Updating the Growth Management Act: Once More, With Feeling

Like many climate activists in Washington, I was dismayed when the legislature last year allowed the clock run out on HB 1099, a bill that would have updated the Growth Management Act to accommodate, among other things, the impacts of the climate crisis. The bill had wide support from environmental activists, housing reform advocates, and other organizations, including 350 Spokane. 

Almost a year later—after yet another blazing summer, abnormally warm autumn, and precipitous winter—a version of 1099 has been reintroduced in the form of HB 1181 in the House, SB 5203 in the Senate. 

Described in its title as a bill for “improving the state’s response to climate change by updating the state’s planning framework,” HB 1181 would tackle housing, climate resiliency, and greenhouse gas reduction simultaneously, through the lens of urban growth.
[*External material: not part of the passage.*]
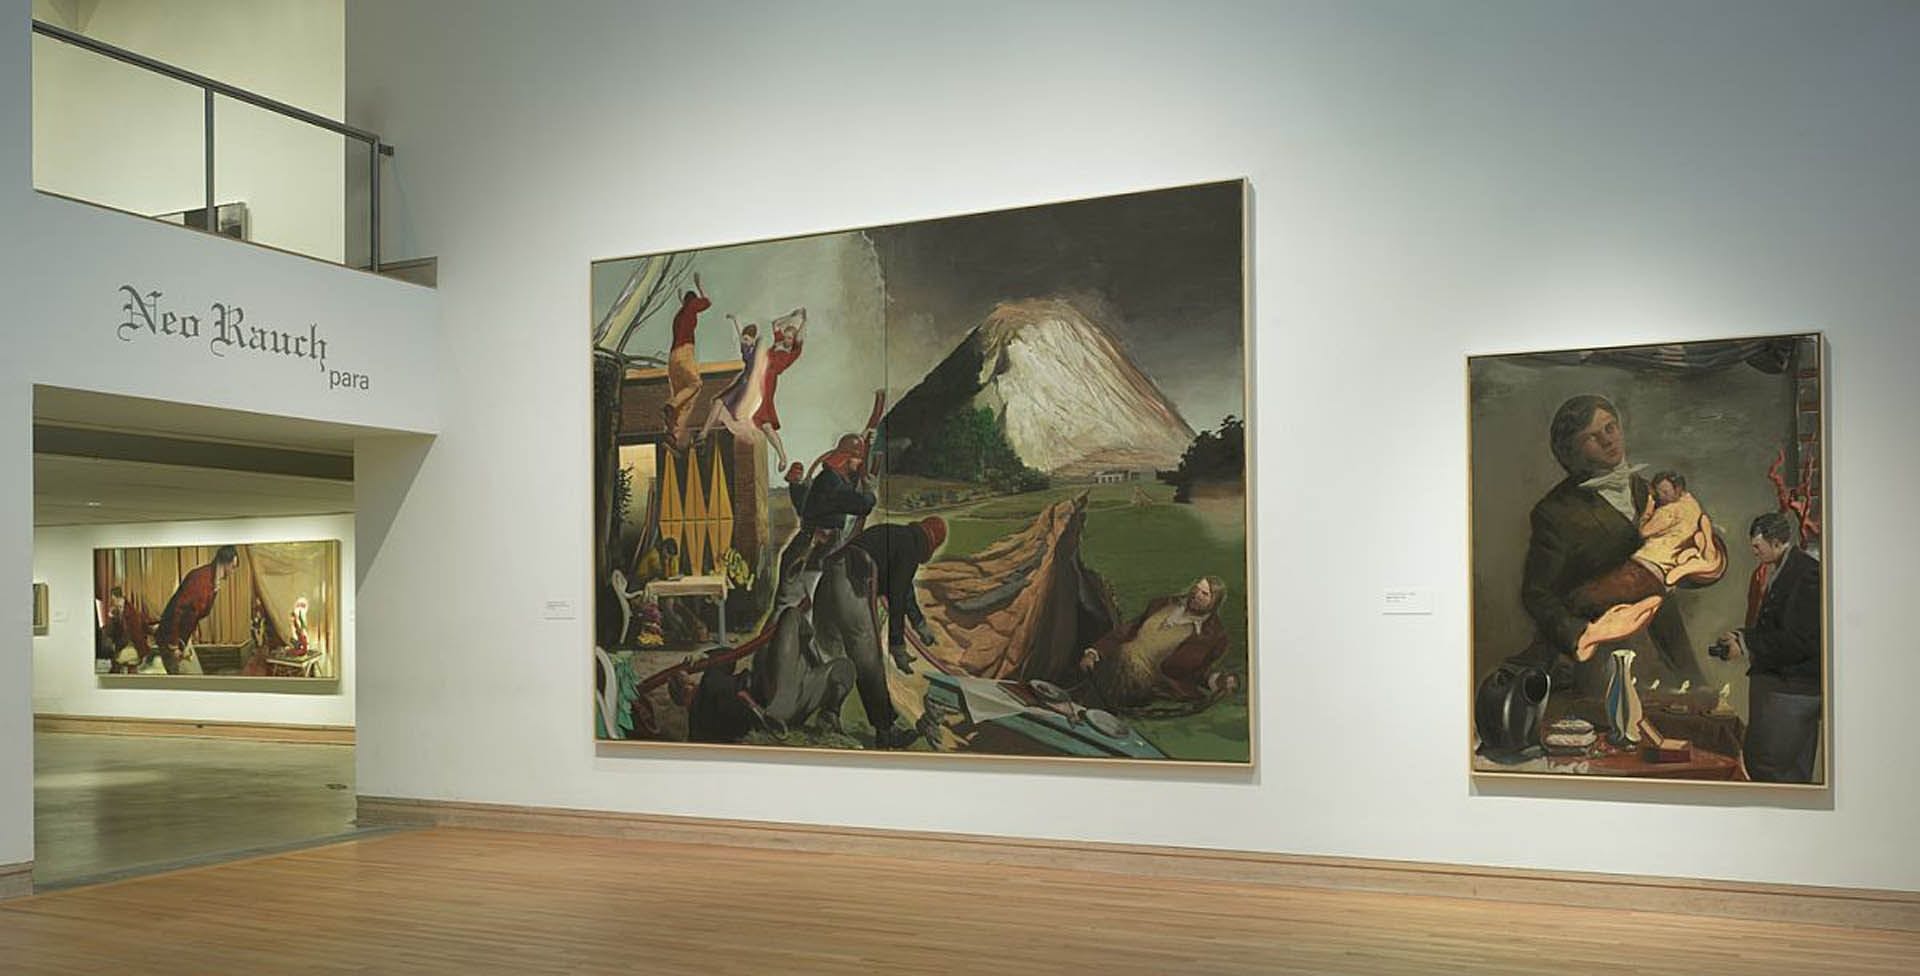 Installation view of the exhibition titled para at the Metropolitan Museum of Art, New York, dated 2007.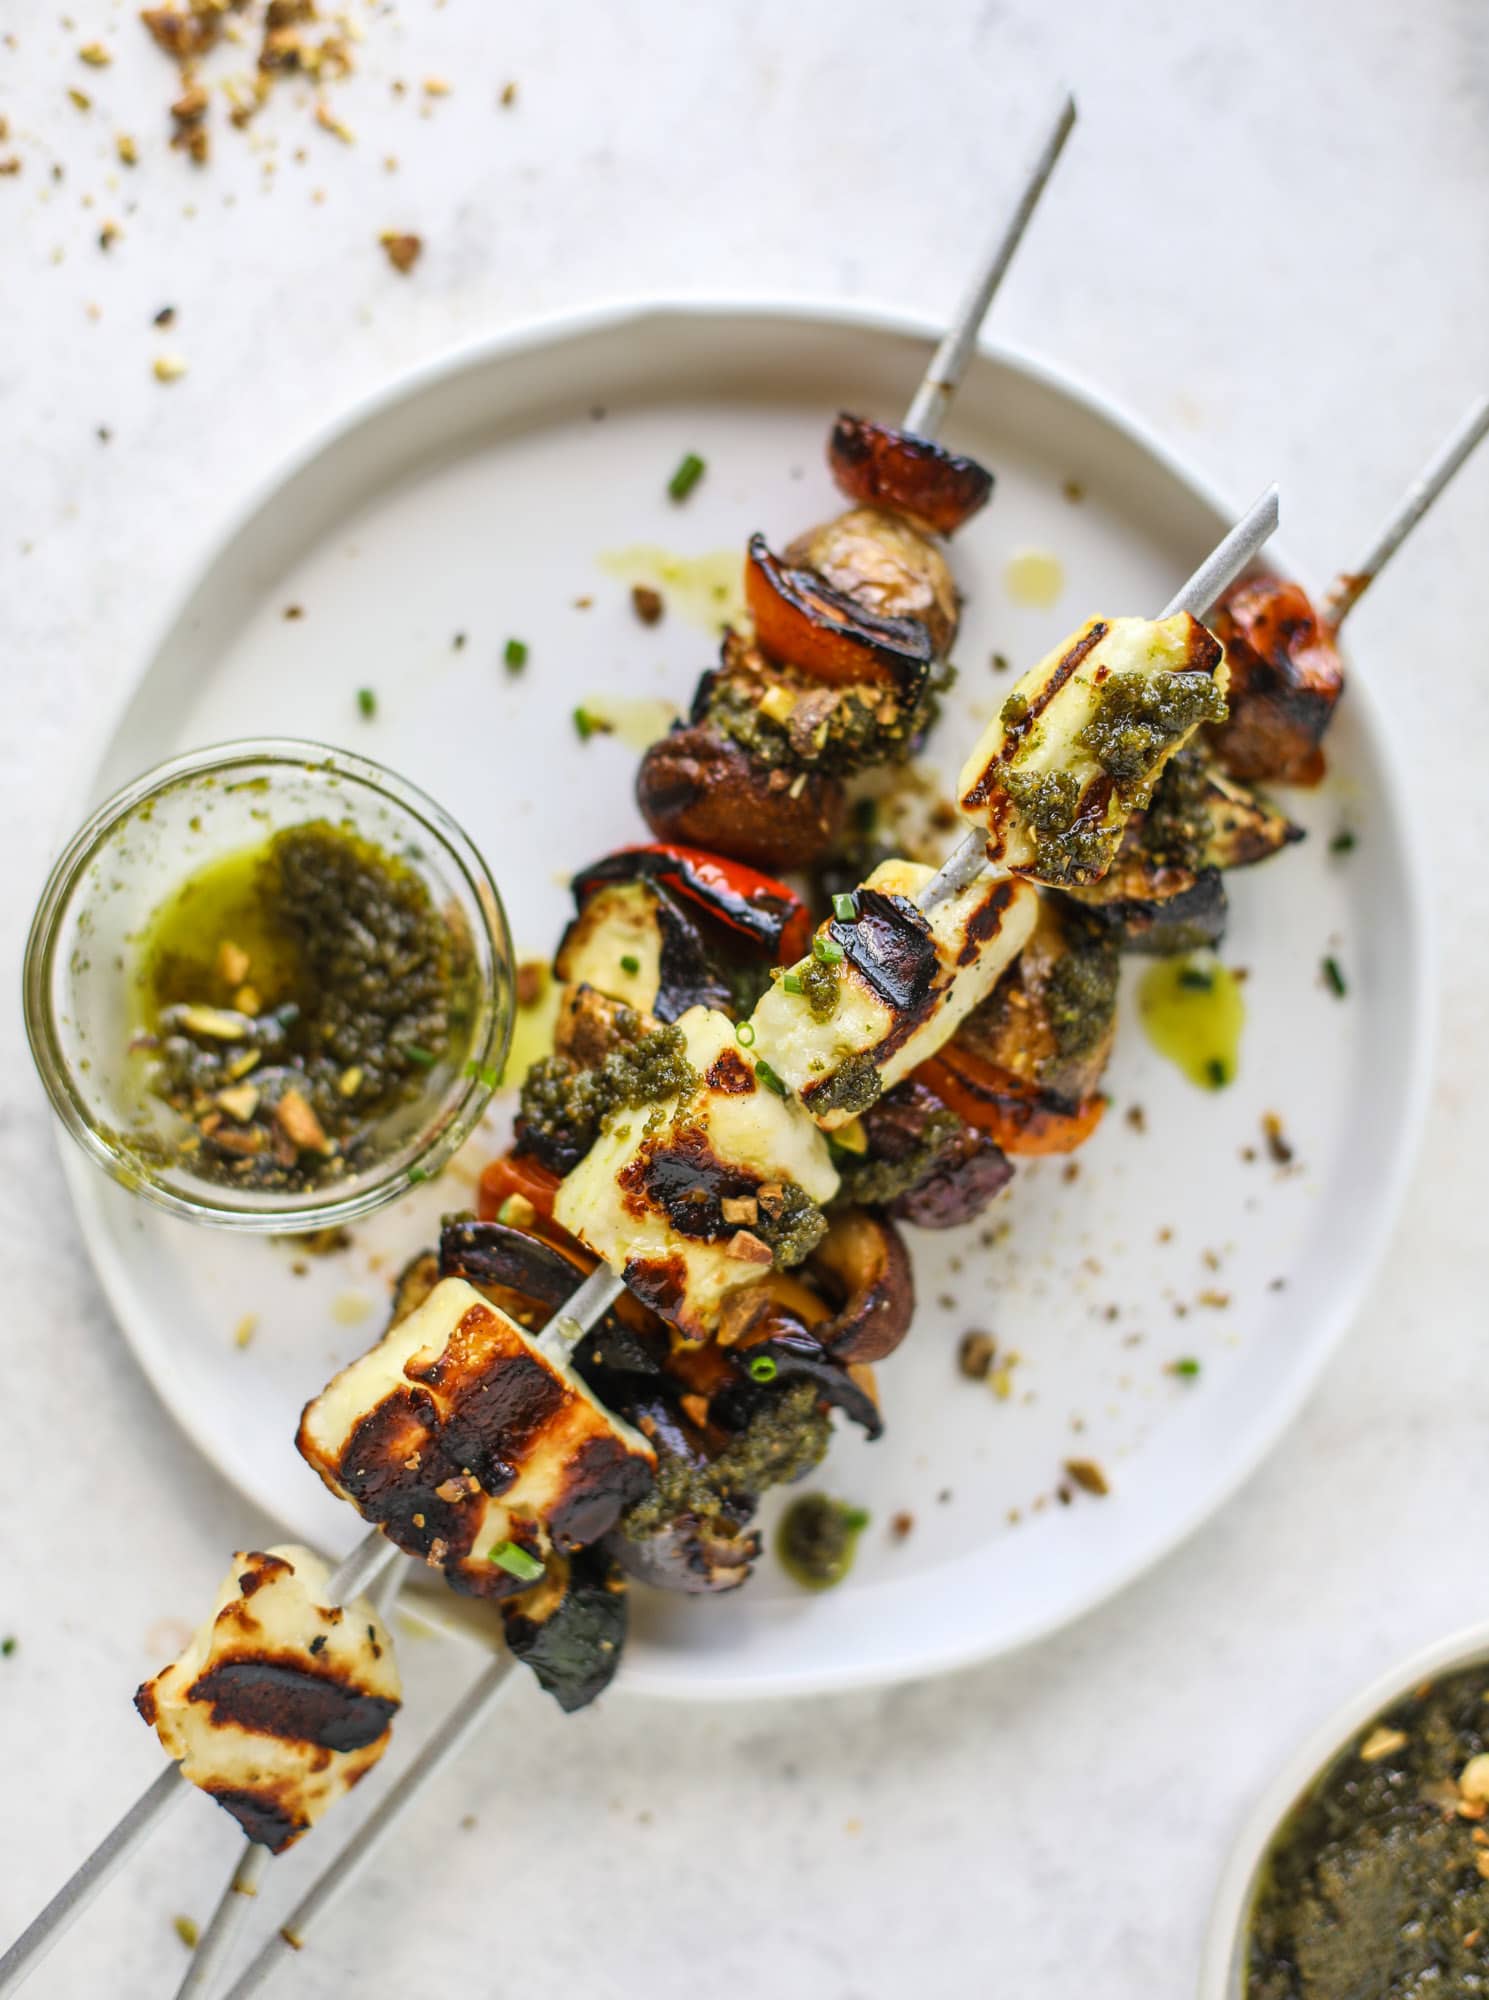 My all time favorite grilled vegetable skewers served with grilled halloumi cheese and pistachio pesto! Makes the best summer meal ever.

As an update to the 1990 Growth Management Act, the bill is one more acknowledgement that our goals for a sustainable future need to balance two key factors: mitigating the damage climate change will cause, and reducing the emissions that will make climate change worse. 

The GMA requires “local governments in fast-growing and densely populated counties to develop and adopt comprehensive plans” to adequately provide infrastructure—housing, roads, retail development, and (ugh) parking—for growing populations. Through growth management services, this has the potential to be one of the most effective tools the state has for improving the quality of life in numerous sectors in Washington. 

The proposed update in HB 1181 would provide funding for counties and municipalities to meet specific goals for reducing pollution (including CO2 emissions) and adapting to extreme weather events, such as the heat dome Washington experienced in 2021 and the increased risk of flooding from heavier rainfall. 

Spokane stands to gain from increased funding for climate resiliency and the guidance of specific objectives related to climate change. We already know that resiliency will only become costlier if state planning fails to drastically reduce emissions in all sectors (transportation, construction, material production), and at the same time, we are no longer in a position to simply reduce emissions without planning for the extreme weather events that those emissions have already exacerbated. 

HB 1181 is a good model, then, for the type of legislation we need going forward, legislation that builds resiliency at the local level and mandates a reduction in CO2 emissions through tangible goals, localized goals, such as housing and development. 

Like its predecessor bill, this year’s proposed update has a broad coalition of support from the ground up. Like its predecessor, HB 1181 could make it very far in the legislature and die at the last minute. Much of the support last year rode the waves of Futurewise’s WACan’tWait campaign, and yet the legislature let Washington wait another year before trying to take this crucial step forward. 

Washington cannot wait another year. We simply do not have the capacity to handle the whiplash of heatwaves, failed harvests, road closures, power outages—the list goes on, and will get bigger. 

Right now, HB 1181 is scheduled for a public hearing in the House Committee on Local Government, on January 17 at 10:30 AM. This will hopefully be the first step in its quick progress to the governor’s desk. But, as we learned last year, we cannot rely on hope alone if we want this bill to pass. 

Once more, now is the time to provide public comment in favor of HB 1181. Now is the time to write your legislators and urge them not to make the same mistake they made last year, to tell them how much we lost in the year we waited. Write early, write often. Do what you can to keep your representatives’ offices flooded with messages, calls, postcards, letters, in support of climate resiliency in the Growth Management Act.